In the middle of this song, David Lee Roth makes fun of an executive that walked into the studio while they were recording it (“that suit is YOU…”). Roth would add commentary on a separate track while the band played the instrumental parts, and his comments were sometimes added to the mix (“Everybody Wants Some” is an example). The voice that says, “Come on, Dave, gimme a break” is their producer, Ted Templeman.

 

  1. Jump (1984)

David Lee Roth has given various accounts of the meaning behind the lyrics, but he usually says they are about a TV news story he saw where a man was about to kill himself by jumping off a building (Roth thought, “Might as well jump”). He’s also said the song is about a stripper.

Roth is a great storyteller who likes to build his legend, so he would often add that he wrote the lyric while cruising around Los Angeles in his vintage 1951 Mercury convertible.

This was Van Halen’s first #1 hit in America, and their only #1 with David Lee Roth as lead singer.

 

  1. You Really Got Me (1978)

This was Van Halen’s first single.
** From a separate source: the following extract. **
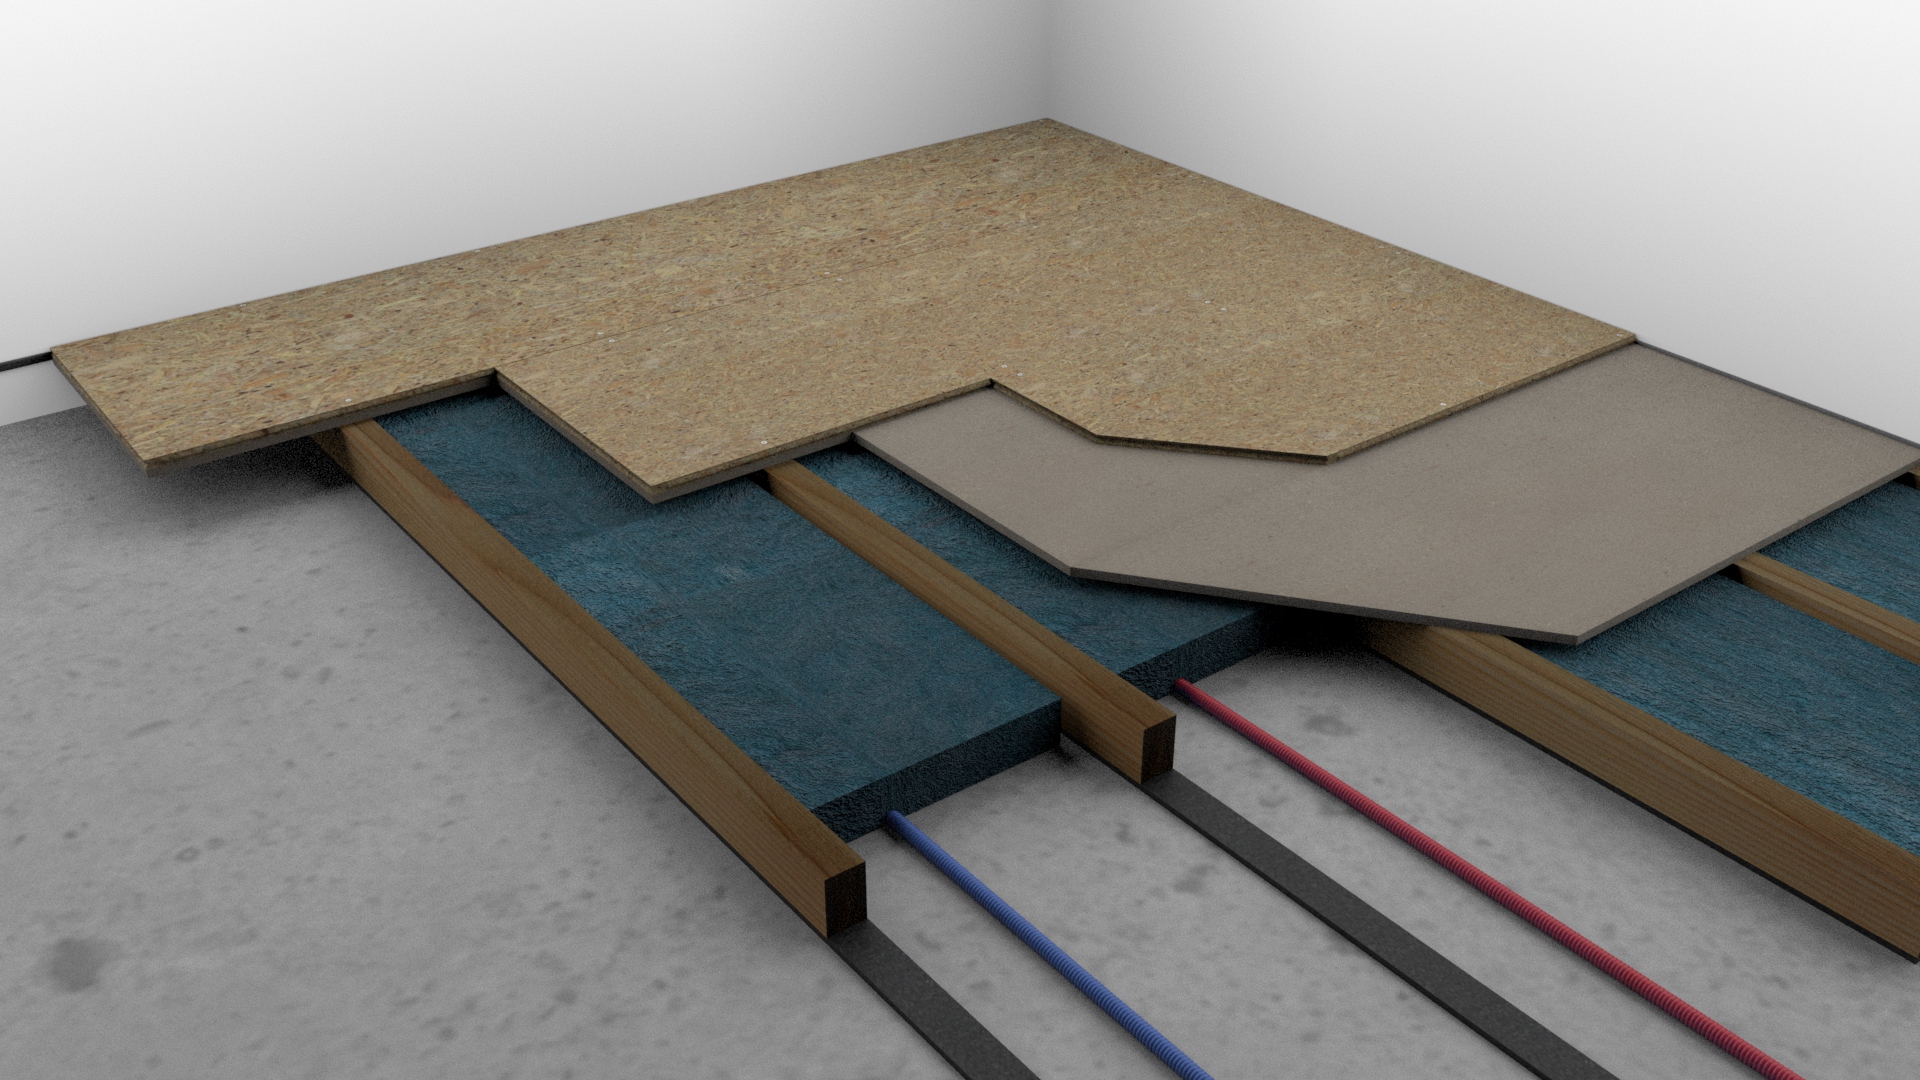 Isolation acoustique et rénovation de votre plancher sur une dalle existante

They learned a bunch of Kinks songs when they were just starting out (in part because David Lee Roth had one of their greatest hits albums), and often played them at their shows when they were still a bar band. “They sounded good and they were great to dance to,” David Lee Roth said.

When it came time for Van Halen to record their first single, they chose “You Really Got Me,” since they had refined it after years performing it. In 1982, they released another Kinks kover, “Where Have All The Good Times Gone?,” which appears on their album Diver Down.

There is a track before this on the album called “Eruption,” which is an Eddie Van Halen guitar solo that leads into it. Disc jockeys often played the 2 songs together, but as computerized playlists and corporate programmers took control of radio stations, “Eruption” is rarely played.

 

  1. Mean Street (1981)

Fair Warning is the fourth studio album by American rock band Van Halen. Released on April 29, 1981, it sold more than two million copies, but was still the band’s slowest-selling album of the David Lee Roth era. Despite the album’s commercially disappointing sales, Fair Warning was met with mostly positive reviews from critics.

The album was listed by Esquire as one of the 75 Albums Every Man Should Own.

 

  1. Finish What Ya Started (1988)

Taken from their 1988 album OU812. Despite the album being seemingly complete, Eddie Van Halen came up with the riff at 2 in the morning and went down to his then-neighbor Sammy Hagar to show it. Hagar let Eddie in, and the two played guitars in his balcony until they had a completed song. Once Eddie left, Hagar decided to write the lyrics despite being late at night. The theme wound up being unfulfilled sex, summed up by Hagar as “blue balls”. In the song, Eddie recorded his guitar part on a Fender Stratocaster plugged direct into the studio mixing console. The song is one of only two Van Halen tracks featuring Hagar playing a rhythm guitar part, which he played on a Gibson acoustic.

 

  1. Why Can’t This Be Love (1986)

“Why Can’t This Be Love?” was the first Van Halen single with Sammy Hagar as lead singer, replacing David Lee Roth. Hagar had plenty of cred as a rocker and went over as well as could be expected in his position. This song took the band in a more mature, melodic direction, which proved hit-worthy. The Van Hagar era was on, and the Sammy vs. Dave debates commenced.